GA is a severe, irreversible form of age-related macular degeneration affecting over 5 million people globally, including 22% of people aged over 90. Although difficult to detect in its early stages, it can eventually lead to severe vision loss and blindness, and there is currently no effective treatment. This is in contrast to ‘wet’ AMD, which can be successfully managed with regular injections in the eye. However, trials are underway into therapies for GA have shown promise and results from Phase 3 trials by Apellis, using a breakthrough treatment called APL-2, are due to be released soon. Further testing and the eventual rollout of this therapy could be greatly enhanced by the new algorithm, developed entirely in-house by the artificial intelligence (AI) team at Moorfields.
Currently, to diagnose patients with GA, experts must examine the patient manually, using either colour fundus photography or spectral-domain optical coherence tomography (SD-OCT) and fundus autofluorescence (FAF). Examining the many segments of an OCT to determine the precise nature of the GA is time-consuming (up to an hour per eye scan) and prone to human error and variability. In order to develop successful treatments, it is vital for researchers and clinicians to be able to assess precisely how GA manifests itself in the individual eye, and to do so at scale. The Moorfields team set out to train an algorithm using carefully graded OCT scans so that it could learn to recognise the early signs, precise localisation and progression of GA automatically. They then tested the algorithm using a completely different set of human-graded OCT scans from patients at Moorfields Eye Hospital.

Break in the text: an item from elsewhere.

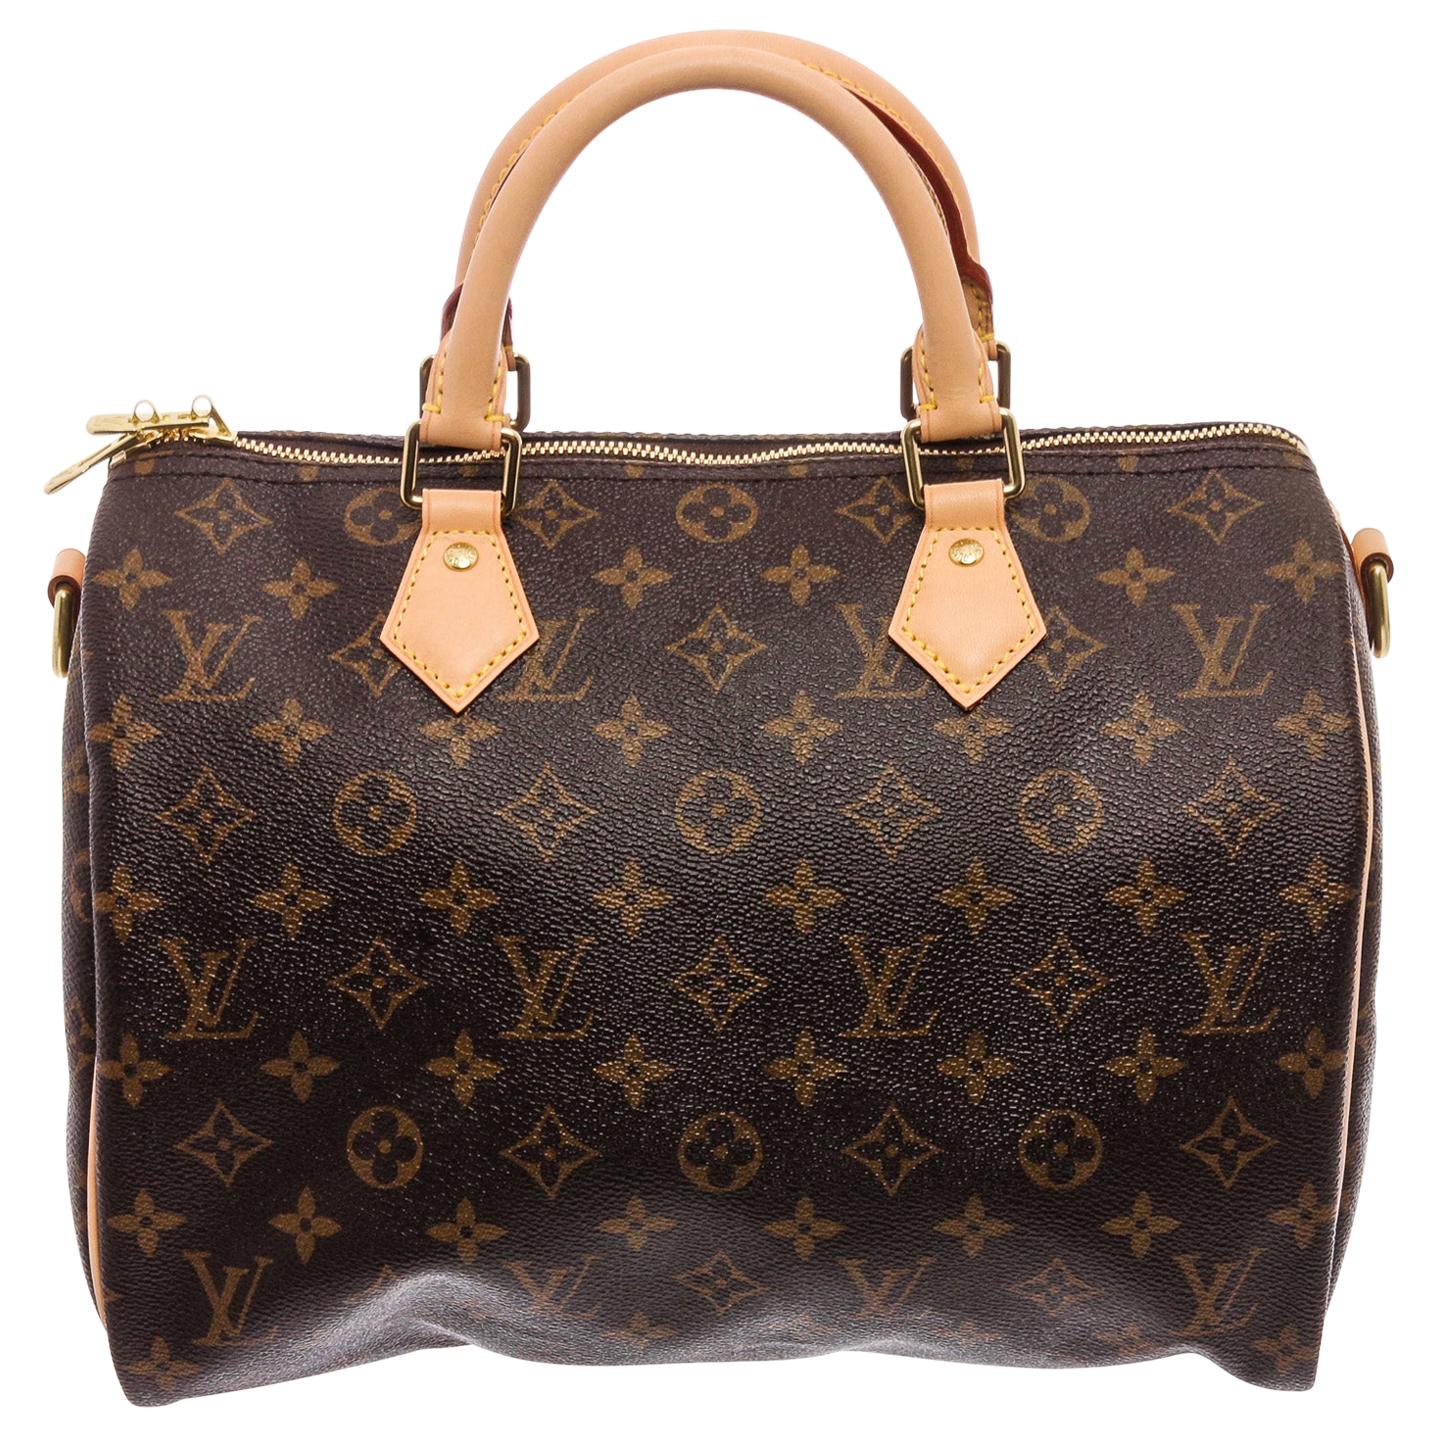 Louis Vuitton Monogram Canvas Leather Bandouliere Speedy 30 Bag

The findings, show that using the OCTs alone, the new AI system was able to match, and even outperform, predictions made by specialist human graders, all in a fraction of a second.
The algorithm consists of separate models looking at different aspects of GA: one predicts disease progression; the other can determine specific features of the disease. It was developed using 5049 individual segments (from 984 OCT scans taken from 200 patients). The scans were part of the FILLY study into a novel treatment for GA and taken from patients based in the USA, Australia and New Zealand . The results were validated using 884 manually graded segments from 192 OCT scans, collected as part of routine patient assessment from 110 patients at Moorfields.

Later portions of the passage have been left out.